Opinion
April 9, 1990
Appeal from the County Court, Nassau County, Lipp, J., Wexner, J.
Ordered that the judgment is affirmed.
The testimony of the undercover police officer, to whom the defendant gave the cocaine, established that the defendant was alert and coherent throughout the transaction. Significantly, the defendant, who testified in his own behalf at trial, never claimed that he did not intend to participate in the transaction because he was inebriated.
Under the circumstances, we find that there was insufficient evidence in the record for a reasonable person to entertain a doubt that the defendant's intent was affected by his purported intoxication.
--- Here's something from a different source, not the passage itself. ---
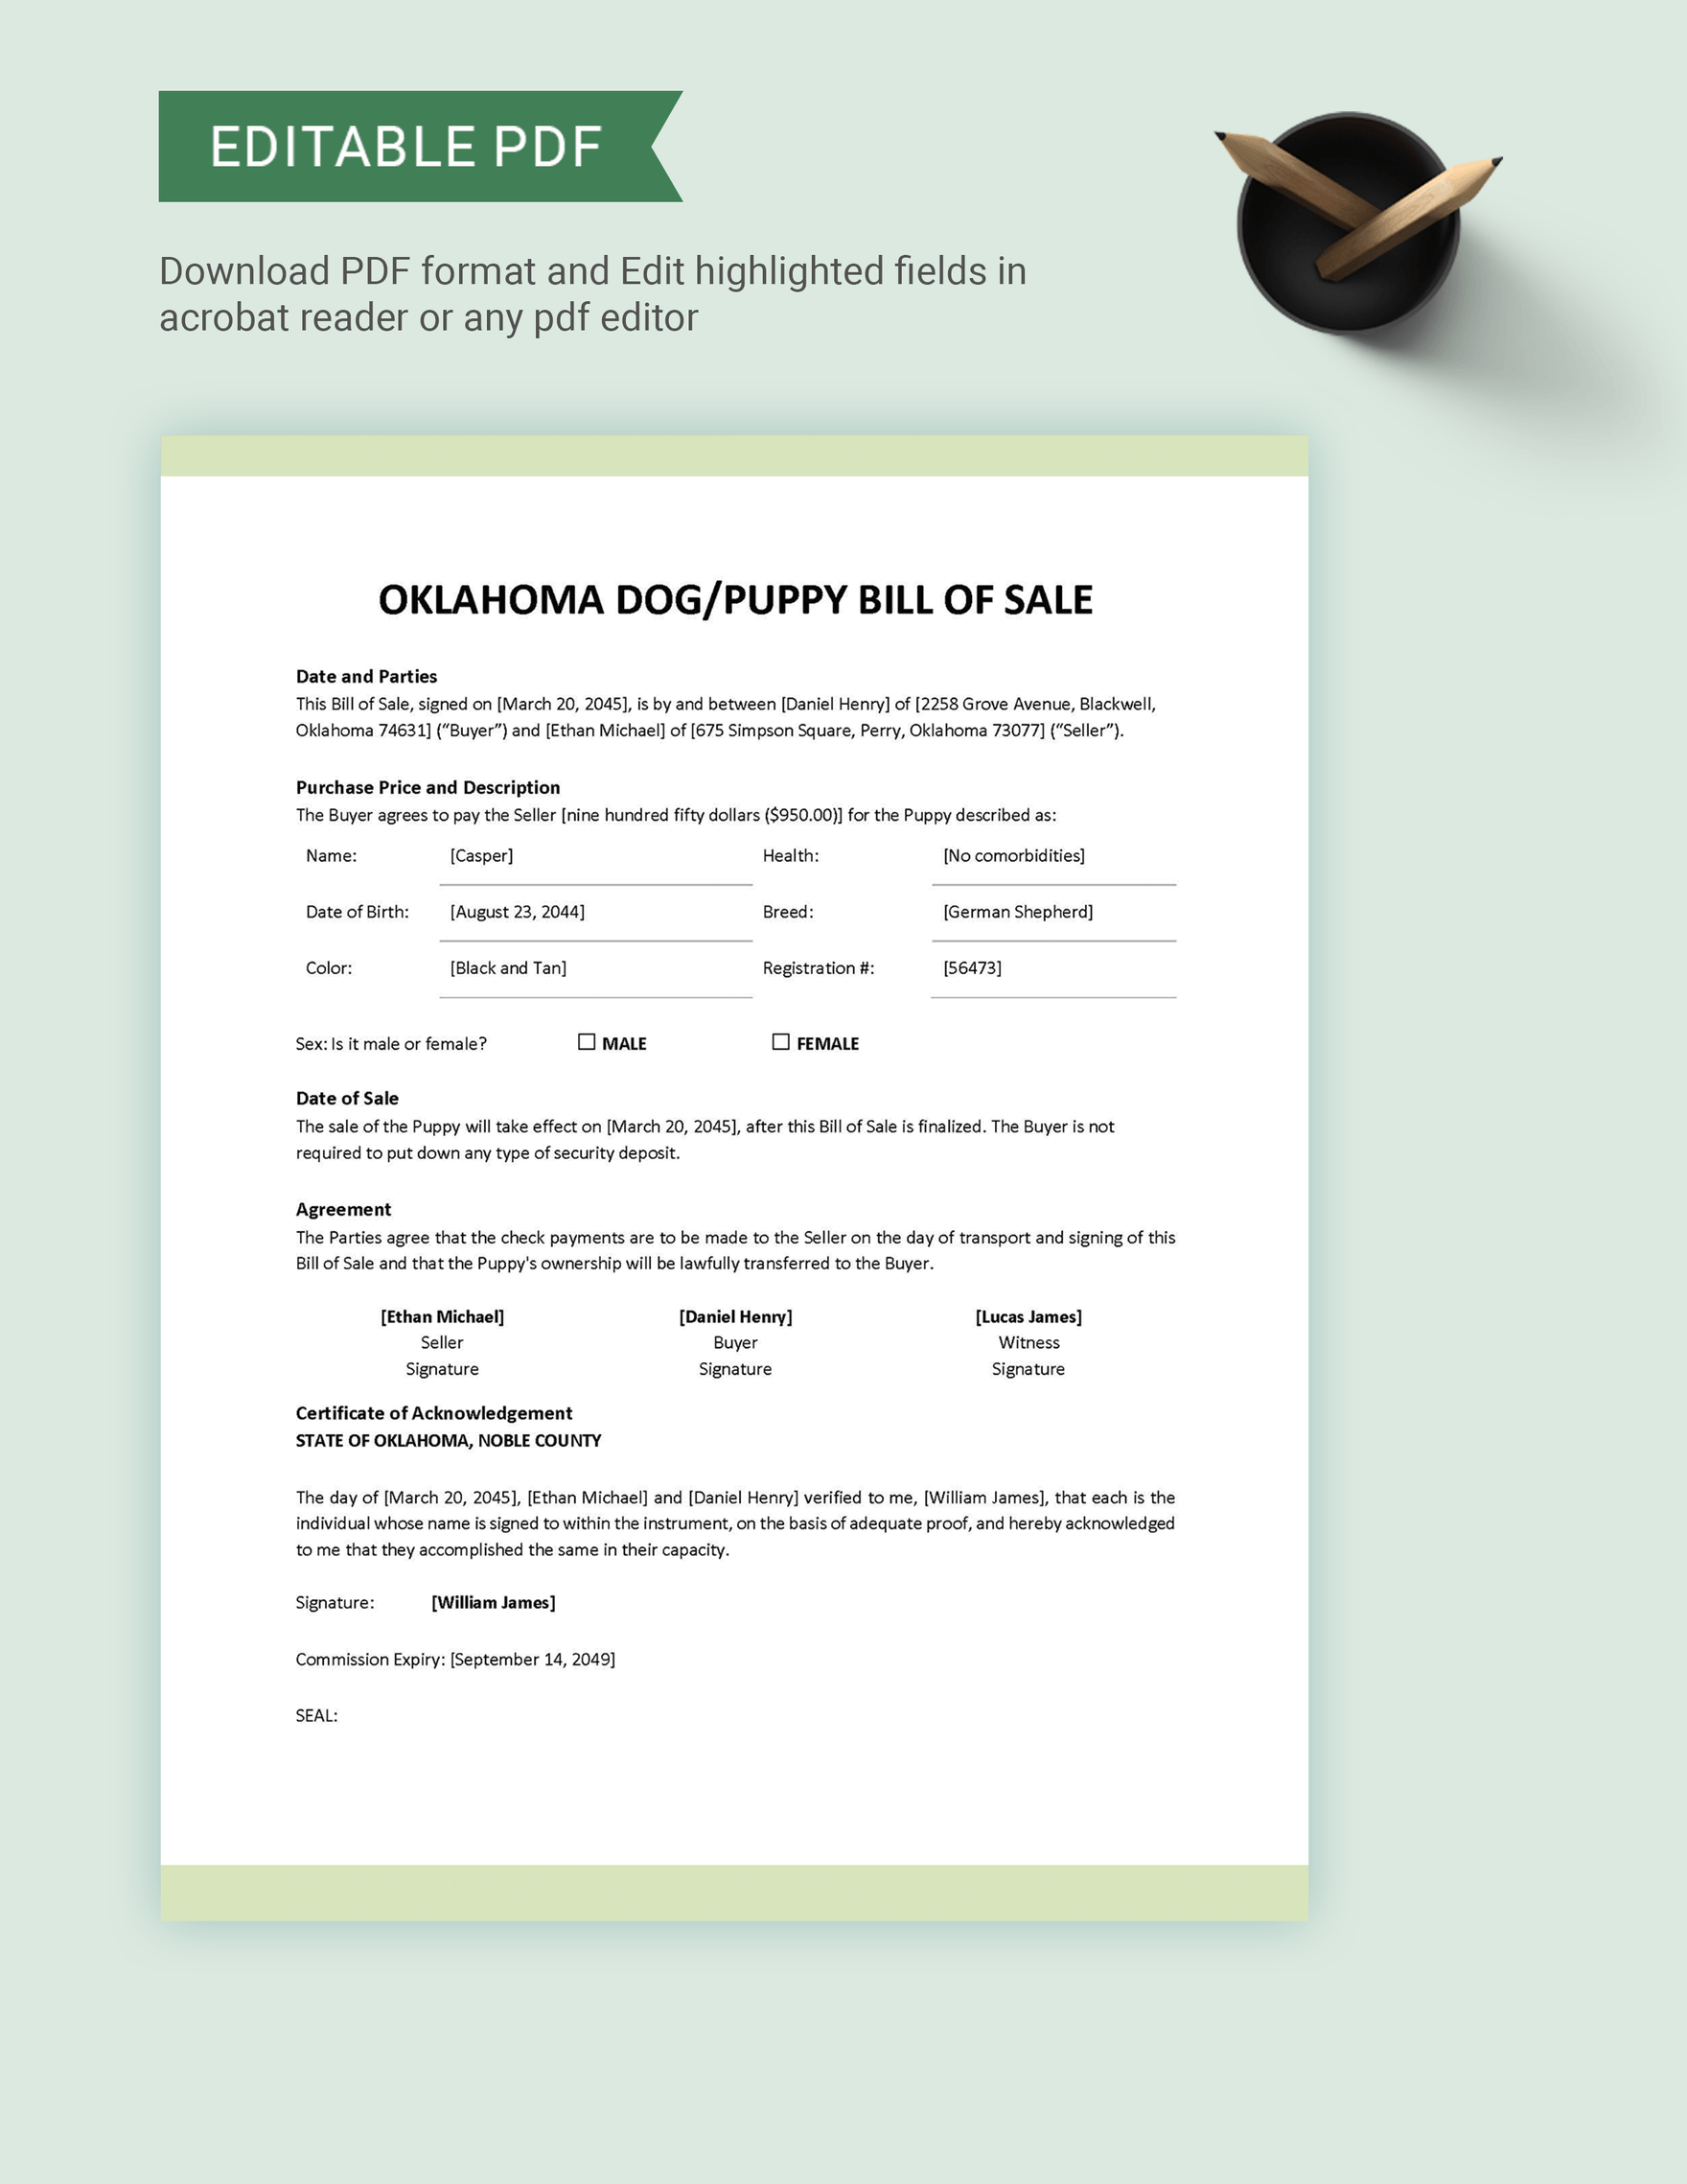 Oklahoma Dog / Puppy Bill of Sale Template

Accordingly, the trial court properly declined to charge the jury with respect to the defendant's intoxication (Penal Law § 15.25; see, People v. Perry, 61 N.Y.2d 849; People v Orr, 35 N.Y.2d 829; People v. Iturrino, 117 A.D.2d 502).
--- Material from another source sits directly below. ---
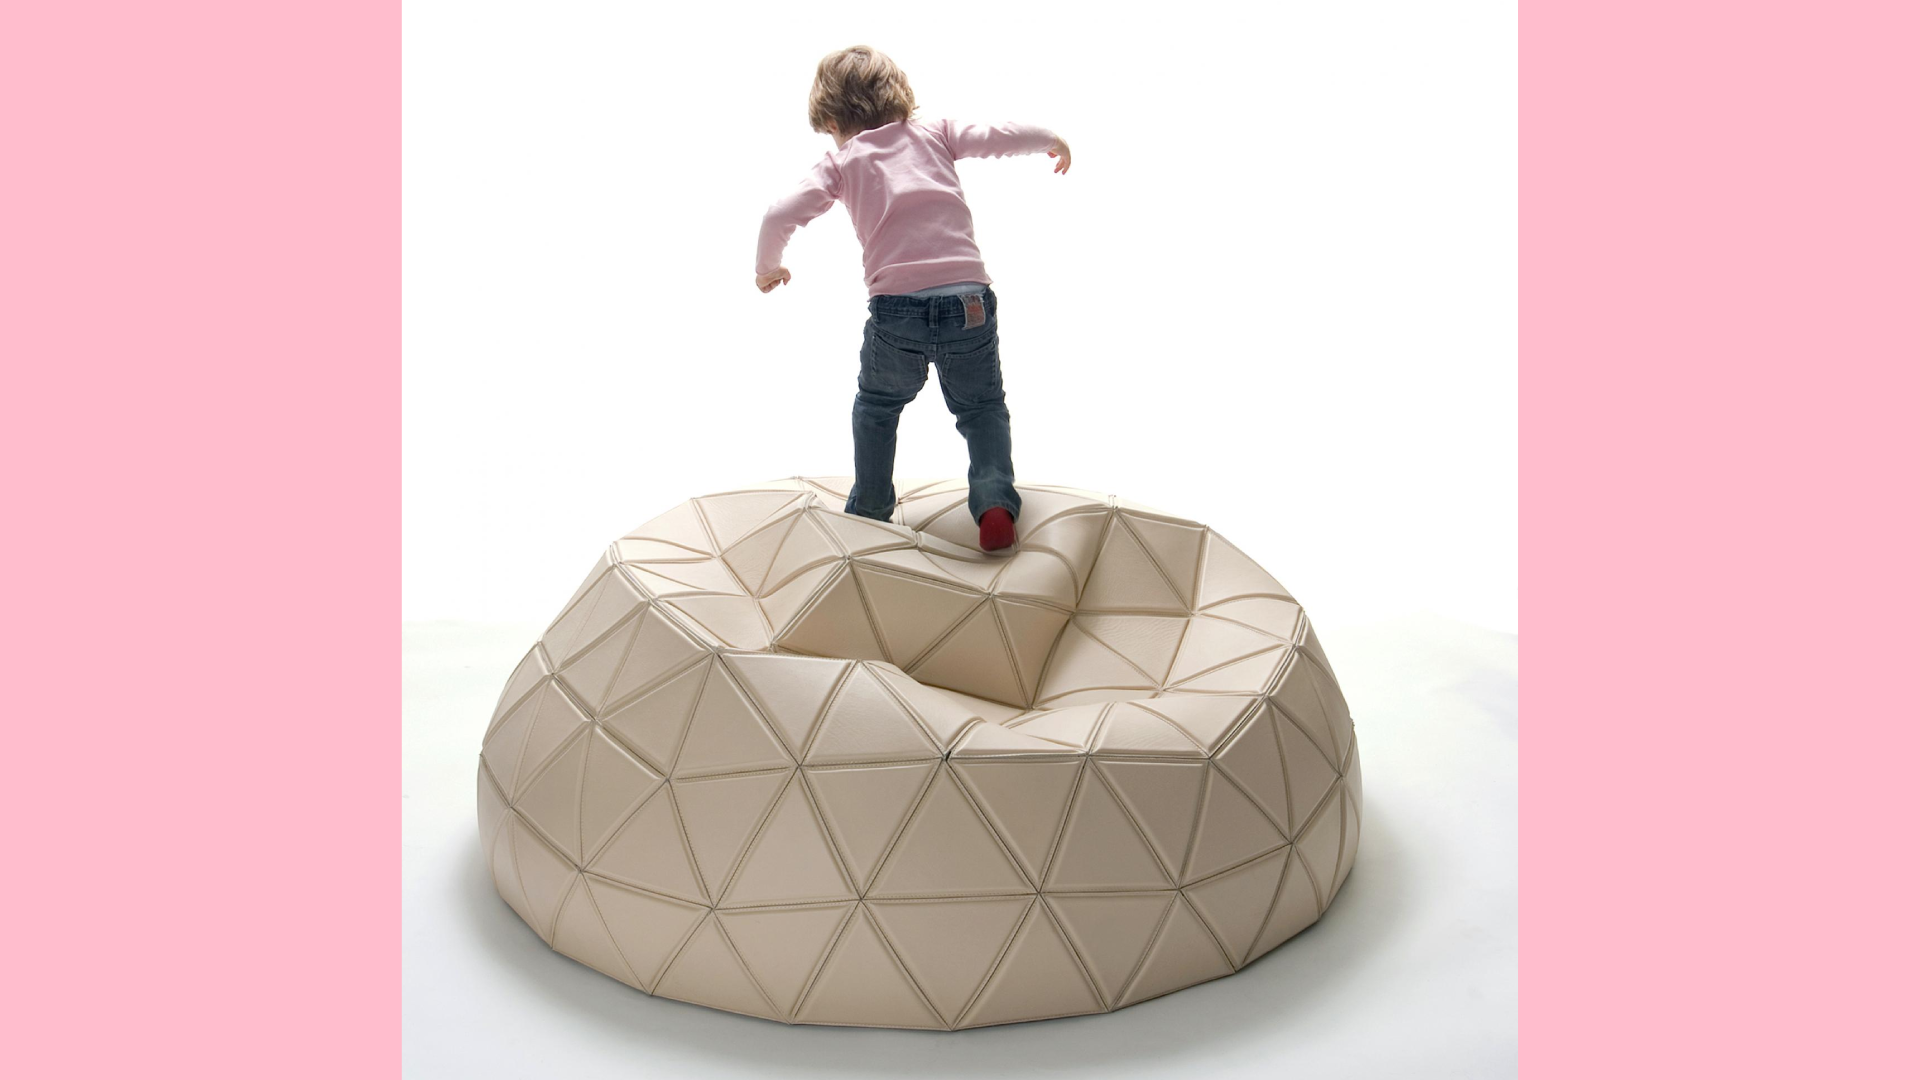 A young child is standing on a large, beige, geometrically-patterned bean bag, reminiscent of Buckminster Fuller's geodisic domes

The trial court did not err in declining to charge the affirmative defense of entrapment with respect to criminal possession of a controlled substance in the first degree. The tape recorded conversation between the defendant and the confidential informant established the defendant's willingness to participate in the drug transaction. Moreover, the defendant admitted at trial that he used cocaine and that on the day of the transaction he had ingested two grams of that substance.
Under the circumstances, we find that the defendant did not meet his burden of establishing that he did not have the predisposition to commit the crime of criminal possession of a controlled substance in the first degree. Therefore, the court properly declined to charge entrapment with respect thereto (see, Penal Law § 40.05; People v. Butts, 72 N.Y.2d 746; People v. Alwadish, 67 N.Y.2d 973, 974; People v. Surpris, 125 A.D.2d 351; People v. Bradley, 112 A.D.2d 441; 1 CJI[NY] 40.05, at 924).
We have considered the defendant's remaining contentions and find them to be without merit. Lawrence, J.P., Kunzeman, Rosenblatt and Miller, JJ., concur.